Optimum efficiency control of interior permanent magnet synchronous motors in drive trains of electric and hybrid vehicles

Abstract

In automotive traction applications the interior permanent magnet synchronous motor (IPMSM) is preferentially chosen as traction drive due to its high torque and power densities. In drive trains of electrical vehicles (EV) and most hybrid electrical vehicles (HEV) the traction motor is operated in torque controlled mode. In a field-oriented control scheme an operation point selection strategy is required to choose appropriate current setpoints to generate the requested torque with high precision and optimal efficiency. In this paper the potential to improve the efficiency by operating a motor with minimum overall losses instead of minimum current per torque is investigated. The interaction between the motors loss characteristic, the impact of the voltage limit and the relevance of operation points for vehicle operation is explored theoretically and based on loss measurements.
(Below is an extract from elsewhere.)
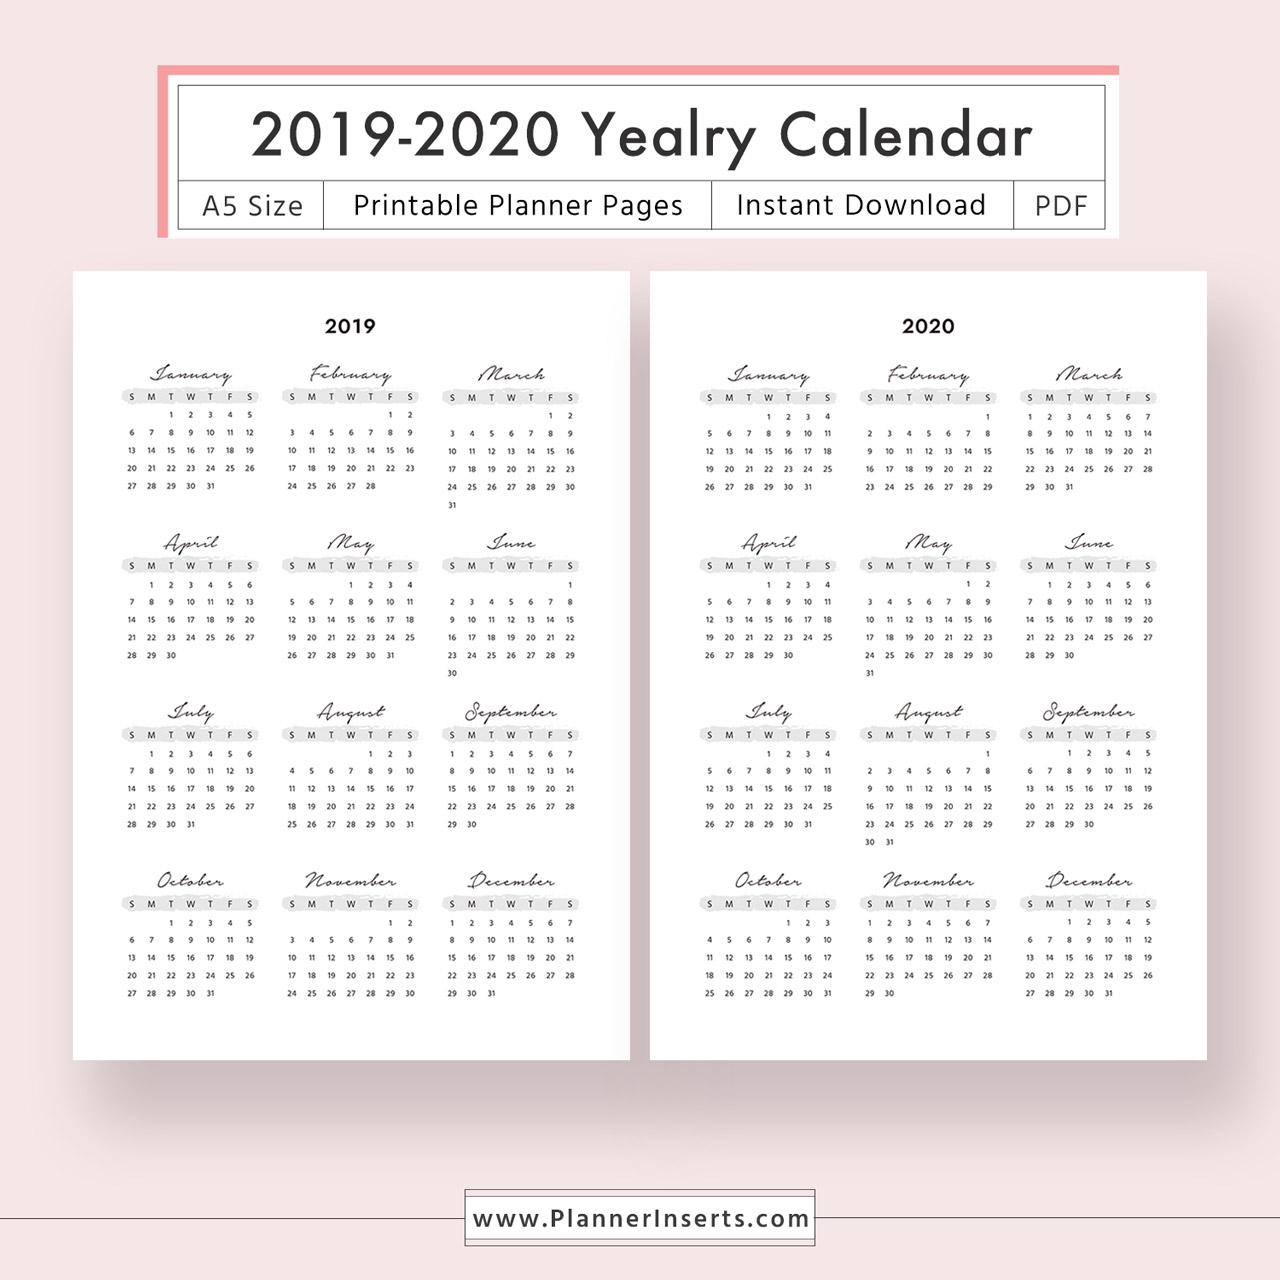 Year At A Glance 2020 - Colona.rsd7 regarding 2020 Year At A Glance Calendar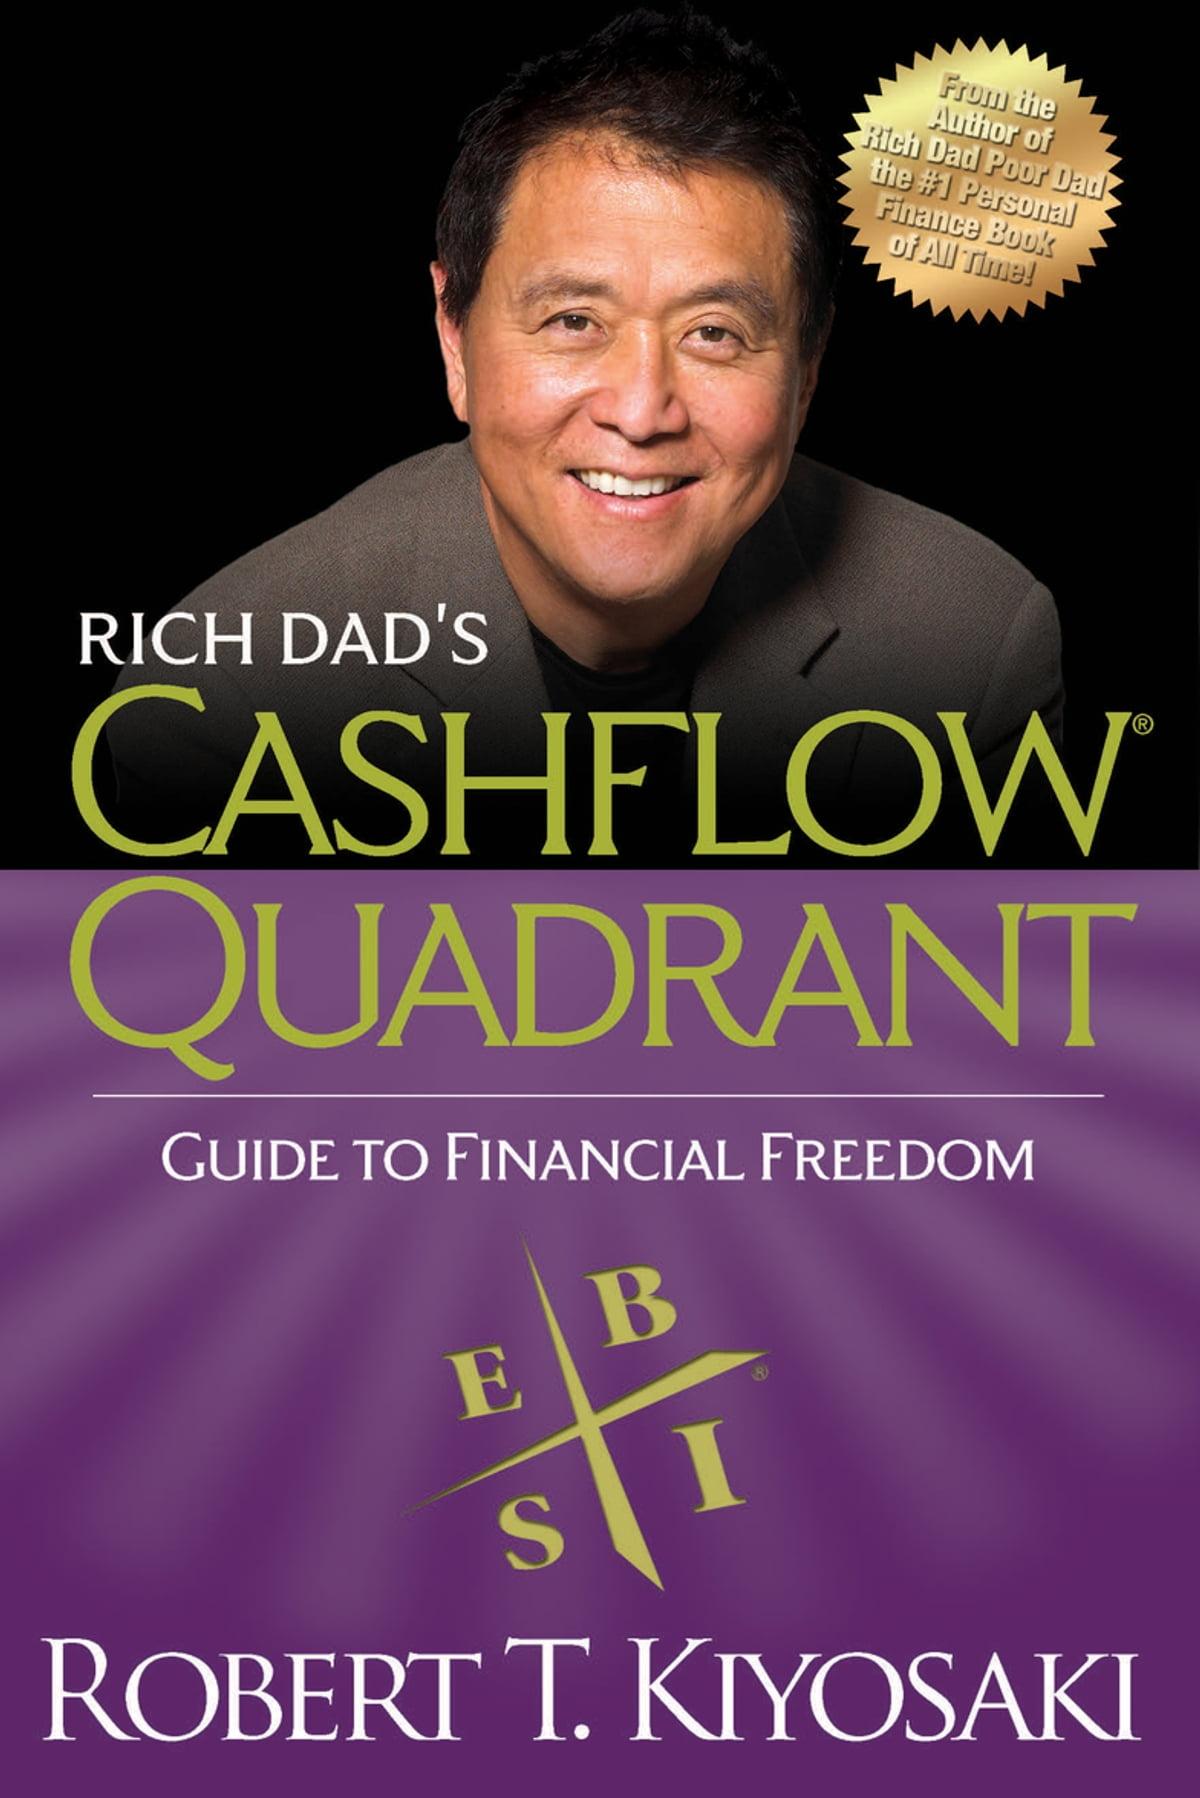 Rich Dad S Cashflow Quadrant Ebook By Robert T Kiyosaki

It is shown, that the losses can potentially be reduced at medium to high motor speeds with moderate torque requirements. This operation range corresponds to traveling with constant medium to high speed and slight acceleration and deceleration in electric vehicles. As well most operation points of the New European Driving Cycle (NEDC) and the Worldwide harmonized Light vehicles Test Procedure (WLTP) are in that operation range due to the moderate accelerations and decelerations in both driving cycles.